Fanon's "national consciousness," while predicated on the form of the nation that was necessary for decolonization, is intended by Fanon to encompass an international anticolonial dimension of solidarity. Indeed, there were forms of Chinese anticolonial internationalism that were parallel to black internationalism. Some feel that Chinese anticolonial nationalism may be appropriated by the contemporary Chinese state, focusing on e.g. resistance against Japanese attacks on China in the Second Sino Japanese war, in order to fan nationalism as a means of justifying continued party rule. However, must the study of Chinese historical figures of anticolonial nationalism fleeing from war, for example, necessarily be bracketed within a recognition of contemporary nationalism that is fanned by the Communist Party? Where does our responsibility lie, with the objective study of history, or focusing selectively only on certain aspects of history that allow contemporary academics to position themselves against the contemporary Chinese state? Is it ok to conflate historical figures with historical narratives originating from the contemporary Chinese state?
5 Question the fallacy that non-hybridity equals nationalist.
It's very easy to do grandstanding on nationalism by emphasizing hybridity and circulation, thereby laying one's claim to counterhegemony, effectively branding queers, human rights lawyers, village musicians, Chinese pianists, and Chinese historical figures under Japanese attack from 1937-45 as problematically nationalist by default--for some people, anything other than hybridity and circulation is by definition nationalist.
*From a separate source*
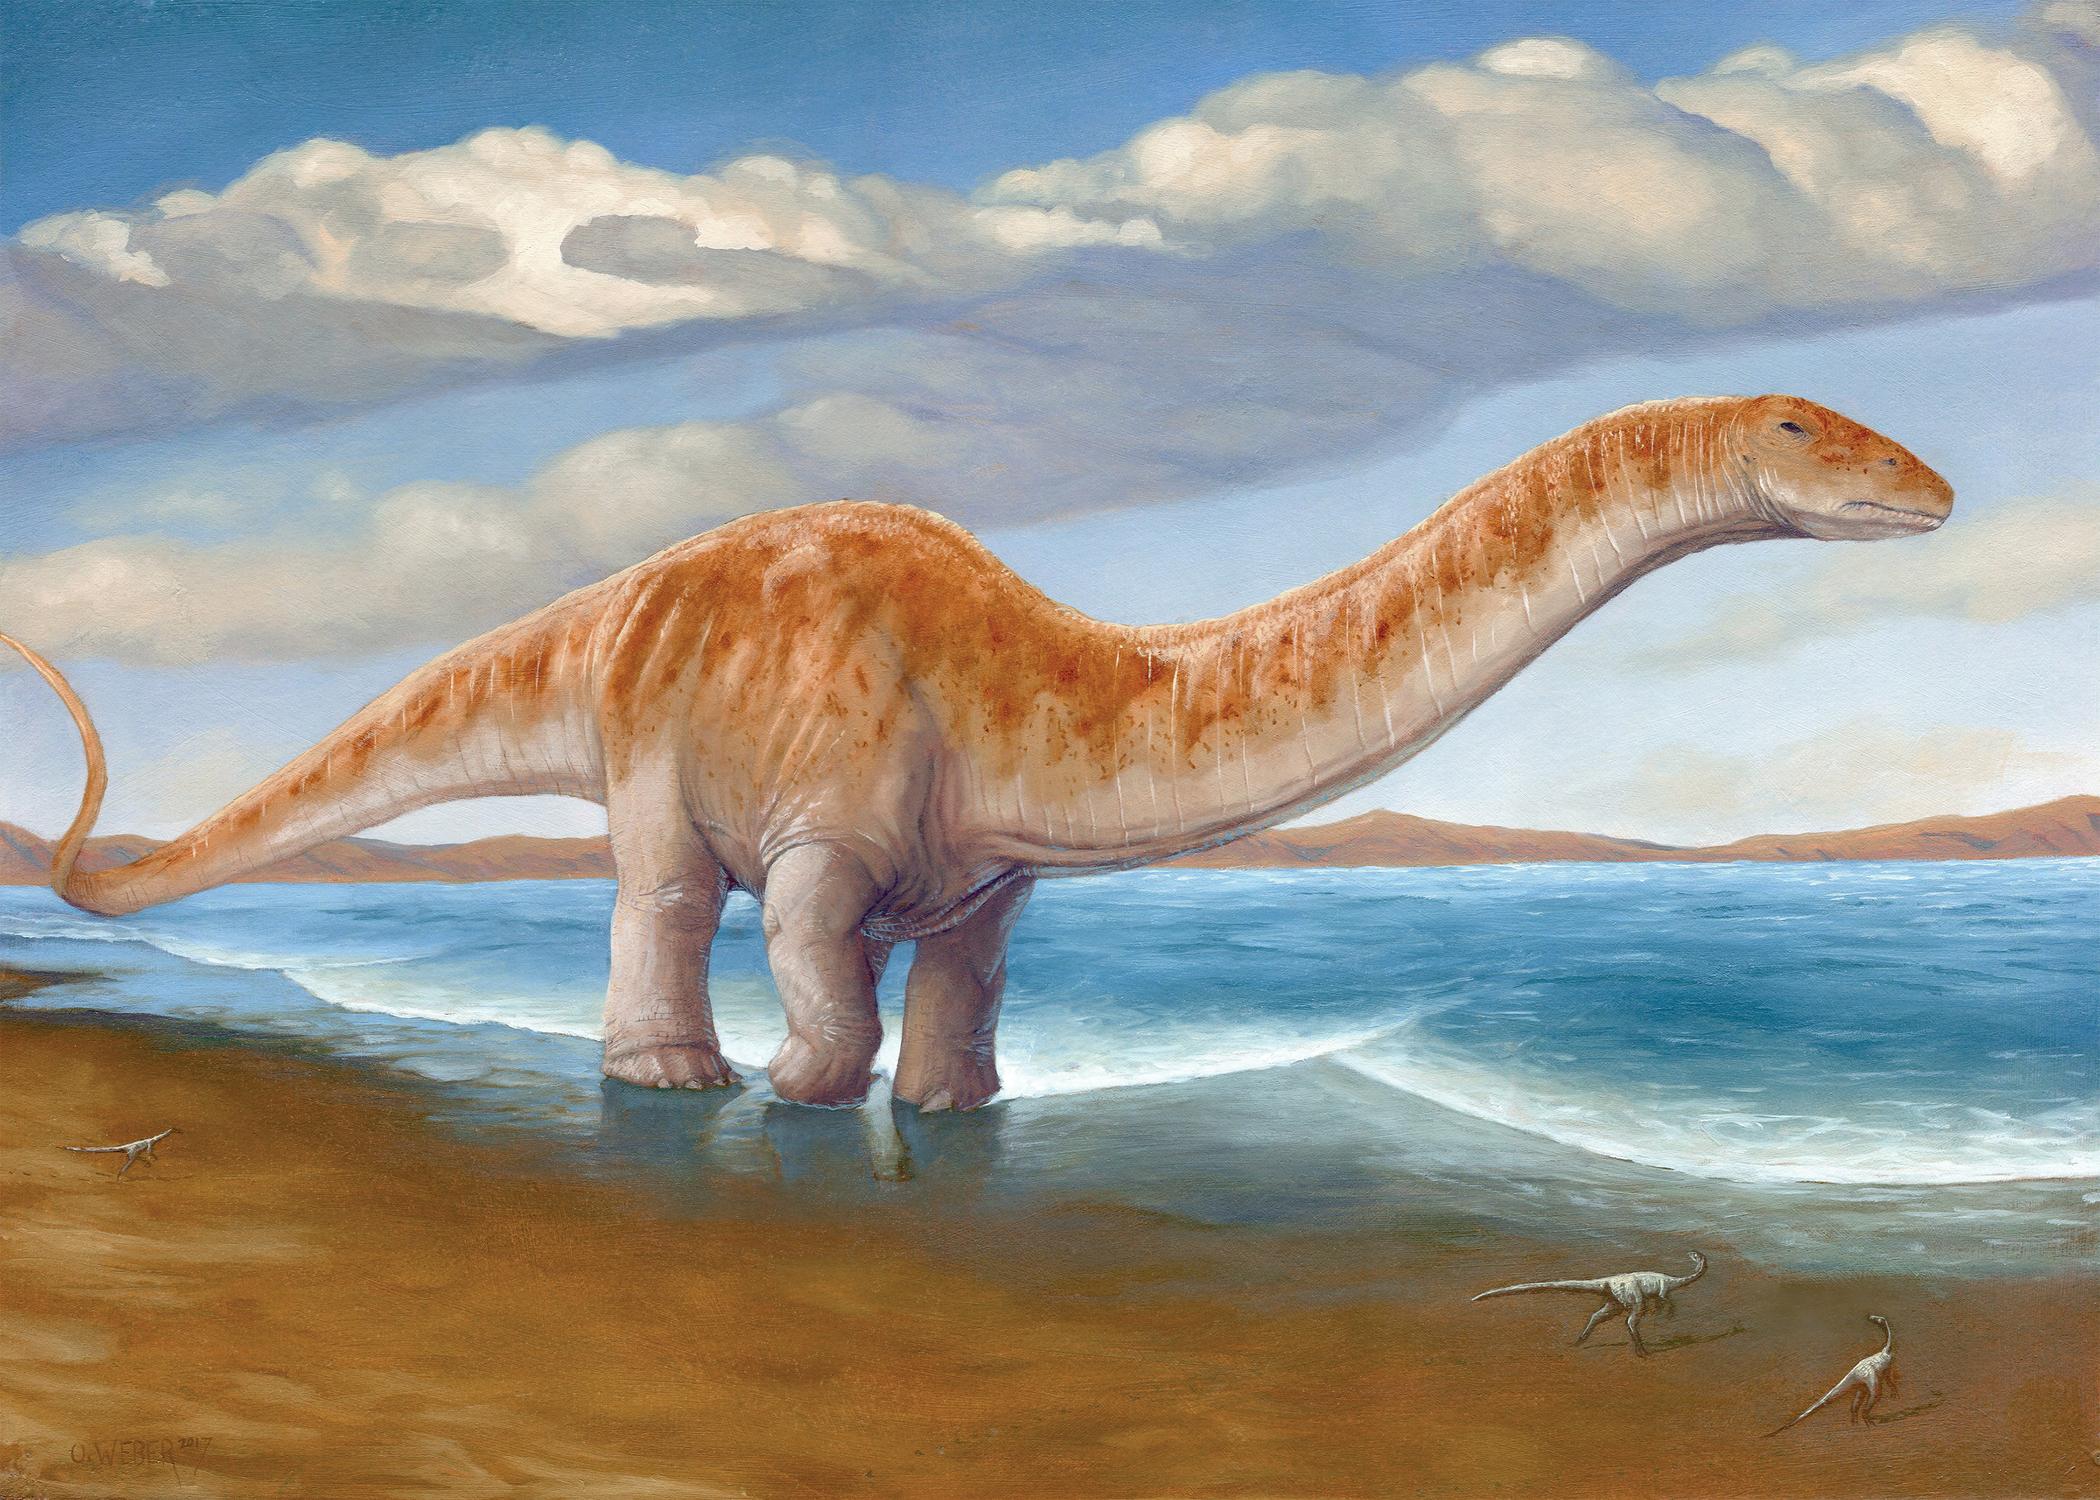 Apatosaurus Artwork by Owen Weber

But just because something is not anti-nationalist doesn't make it nationalist. Human rights lawyers in China may not be engaged in the critique of nationalism because they are being jailed; that doesn't make them nationalist. Queer communities in China are busy hiding from surveillance; they have other things to worry about than opposing state nationalism. Treating minority communities as fodder for anti-nationalism is methodologically dubious and teleological (raising anti-nationalism above pressing issues on the ground). What we need to do is to assess contexts of nationalism, and make the appropriate critique.
6 There is lack of comprehensive knowledge about research and teaching inside East Asia.
One of the aims should be to enable scholars based in East Asia to develop counterhegemonic frameworks responsive to their epistemic contexts, and this requires comprehensive knowledge of research published in East Asian languages.
References
Lazarus, Neil. “Disavowing Decolonization: Fanon, Nationalism, and the Problematic of Representation in Current Theories of Colonial Discourse.” Research in African Literatures, vol. 24, no. 4, 1993, pp. 69–98.
Sajed, Alina, & Seidel, Timothy. (2019). Introduction: Escaping the Nation? National Consciousness and the Horizons of Decolonization. Interventions, 21(5), 583–591.